From the laboratory to the patient, solutions are widely deployed for the cold chain of health products in the conventional range of +2°C/+8 °C. There is also below −20°C logistics, and more recently a +15°C/+25°C cold chain has been developed. They are used daily by dozens of cold chain specialists, logisticians, transporters, warehouses and distributors, but unfortunately, they are not yet deployed everywhere. For temperature ranges below −70°C, if they exist, the solutions remain even more confidential. 

Regulations, standards and labels have been developed over the last 70 years at regional, national and global levels to guarantee the quality of this cold chain. Since its creation in 1908, the IIR has been actively involved in this, and has been a partner of the United Nations since 1970 for the implementation of the agreement on the transport of perishable foodstuffs, known as the ATP agreement, but also of the World Health Organization (WHO), which is deploying its quality and safety program (PQS) for the vaccine cold chain. The IIR also has supported the International Healthcare ColDays of the French Association of Refrigeration (AFF) since 2008 and co-published a best practice guide on the cold chain for health products. 

What prospects exist for the temperature-controlled logistics of a COVID-19 vaccine? 

While the cold chain for health products—and more particularly vaccines—can efficiently deliver vaccines at +2°C/+8°C almost anywhere in the world, this is not necessarily the case for large-scale vaccination campaigns with products to be stored below −20°C, and even less so at −80°C. The challenge is unprecedented, but the battle is not lost, Cavalier said.

For below −20°C products, existing and widely used solutions for frozen products can quickly be duplicated in the vaccine cold chain. They are well known, controlled, available and, in some cases, already certified. 

For below −80°C products, the situation is more complex, but not hopeless. Although there is currently no significant storage and transport capacity for thermosensitive products below −80°C, technical solutions do exist.

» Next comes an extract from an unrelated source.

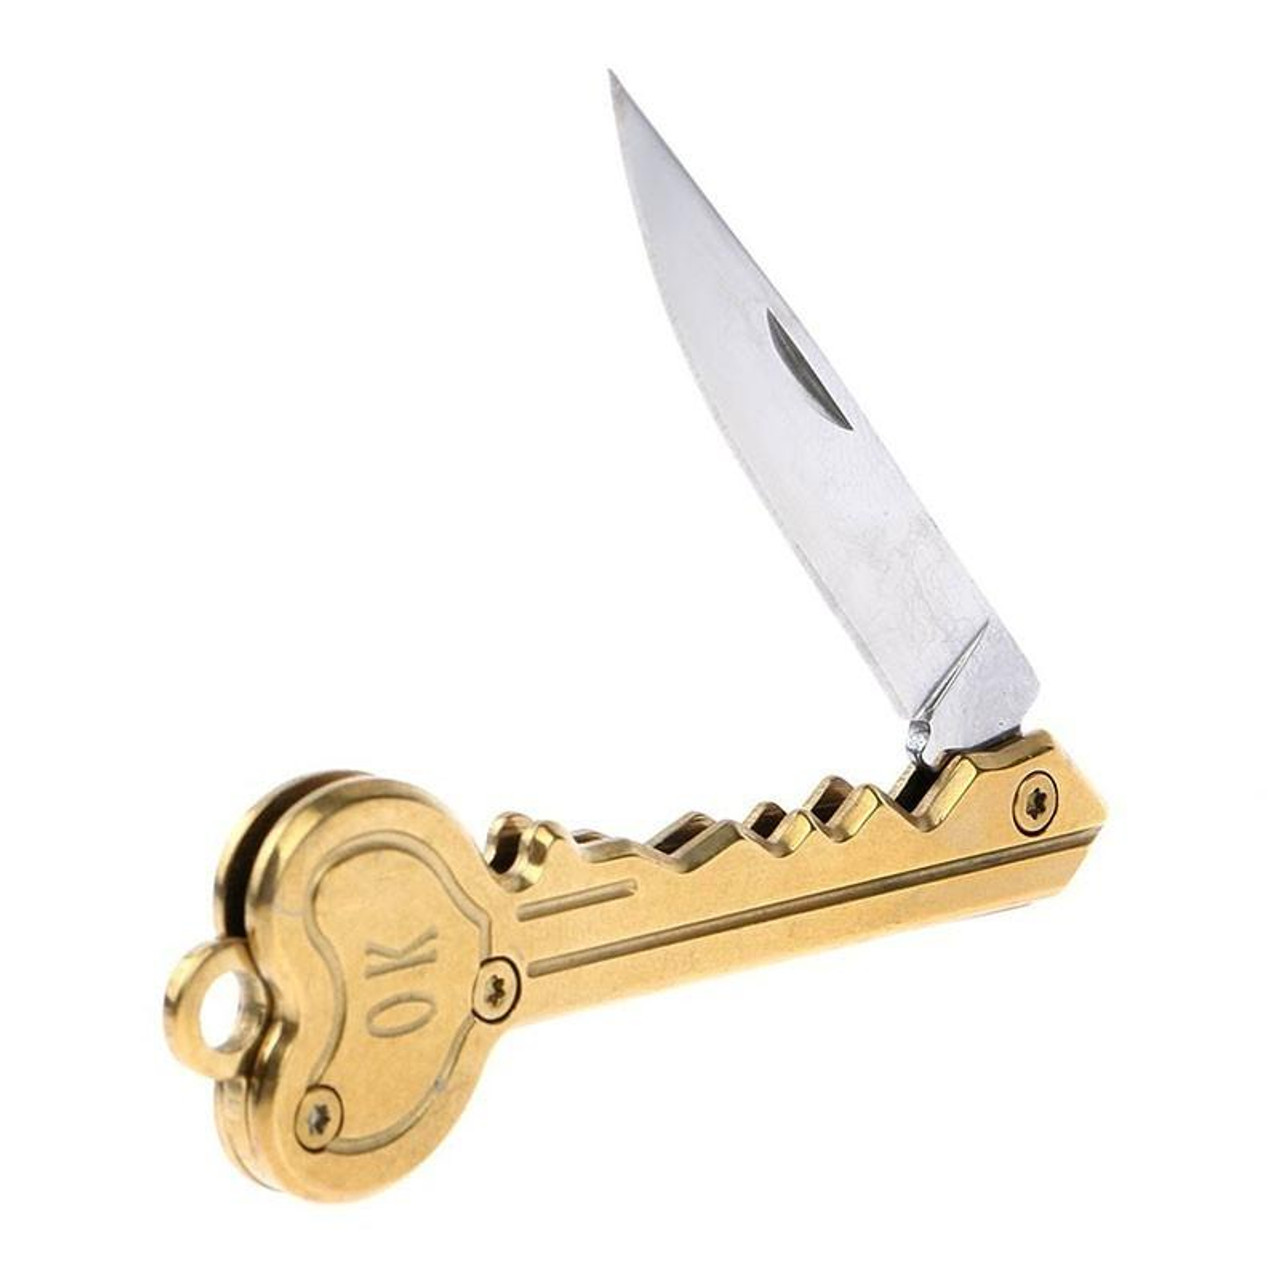 Mini Key Knife Camp Outdoor Keyring Ring Keychain Fold Self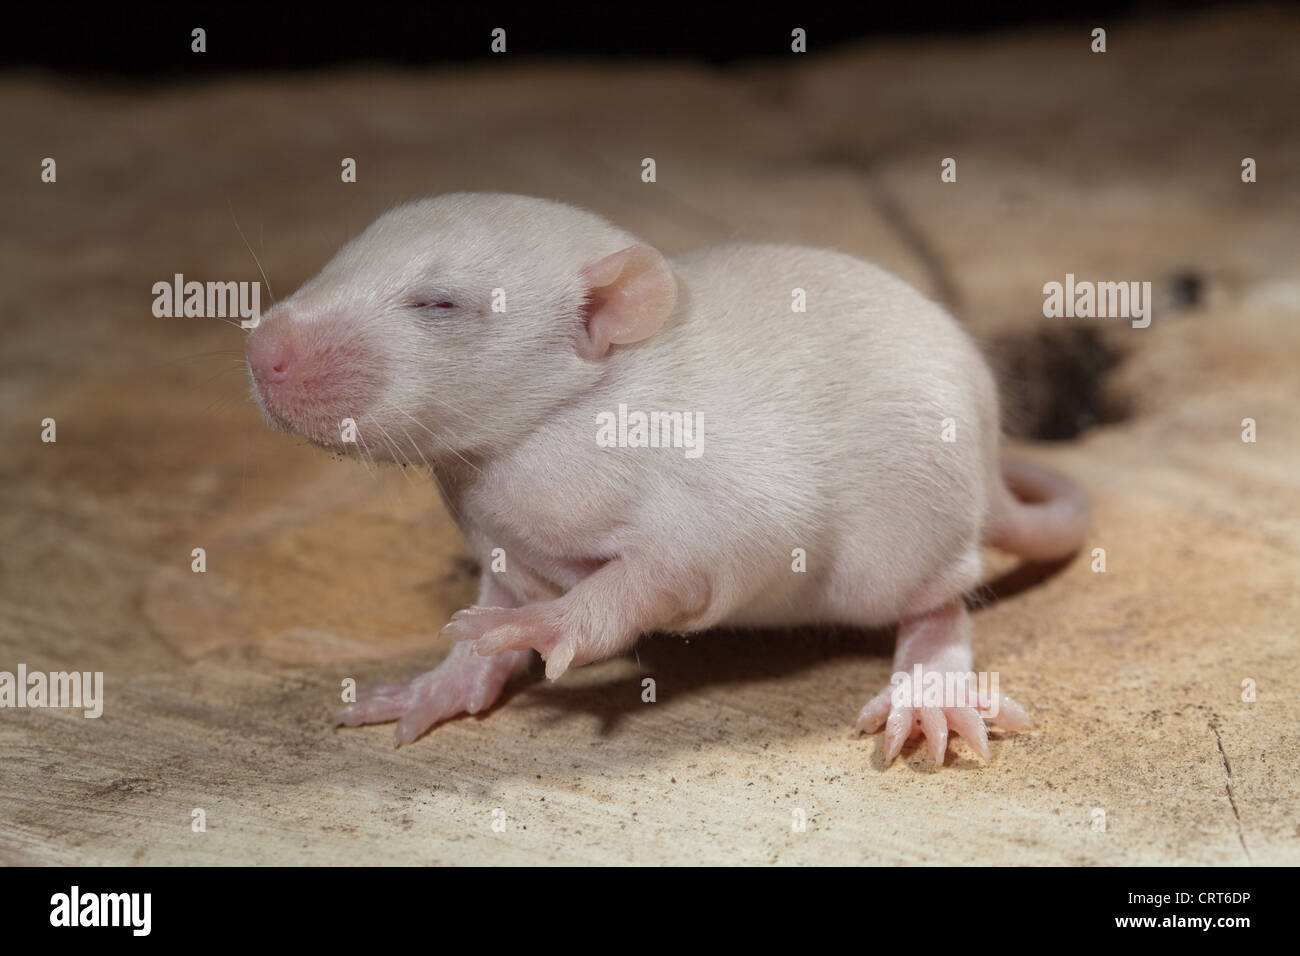 Domesticated White Rat (Rattus norvegicus). 12 days old baby, 'pup' rat. Albino, showing pink eyes beginning to open. Stock Photo

As regards storage, the air-source open-cycle refrigeration machines used for refrigeration in tuna warehouses at −60°C, for example, can also be used at −80°C. They also can be used for cold distribution chambers. For transport, nitrogen cryogenic transport units used at −20°C can also be used at −80°C with reinforced insulation boxes. When talking about temperatures close to −80°C, as often is the case with health products, dry ice plays an important role in transport, especially in insulated packaging and containers both for air transport and for land transport in combination with refrigerated trucks. There are already cabinets for storage at −80°C, especially in hospitals and laboratories.

Finally, the readjustment of the temperature of these products prior to injection should not be neglected. It is not innocuous to go from −80°C to +20°C. And launching a massive vaccination campaign with products below −80°C requires determining these means, deploying them on a large scale and training the users of this equipment.

Conclusions 

The temperature-controlled logistics of the global massive vaccination against COVID-19 is a real challenge, as much for its unprecedented importance as for its technical specificity, as announced by several laboratories. Whether at temperatures below −20°C or −80°C, for all or part of the chain, new means will have to be put in place with costs significantly higher than typically implemented for vaccine logistics. This is a matter for experts and specialists. The most precise information, particularly concerning temperature requirements, must be made available as soon as possible. 

The IIR and its hundreds of experts around the world are at the forefront of these issues and will provide their scientific and technical expertise on the cold chain for health products to the public and private players involved in these operations: governments, health agencies, hospitals, pharmaceutical laboratories and, more broadly, health and logistics professionals. All these experts are already at work to provide concrete answers and face the challenge of the global massive COVID-19 vaccination.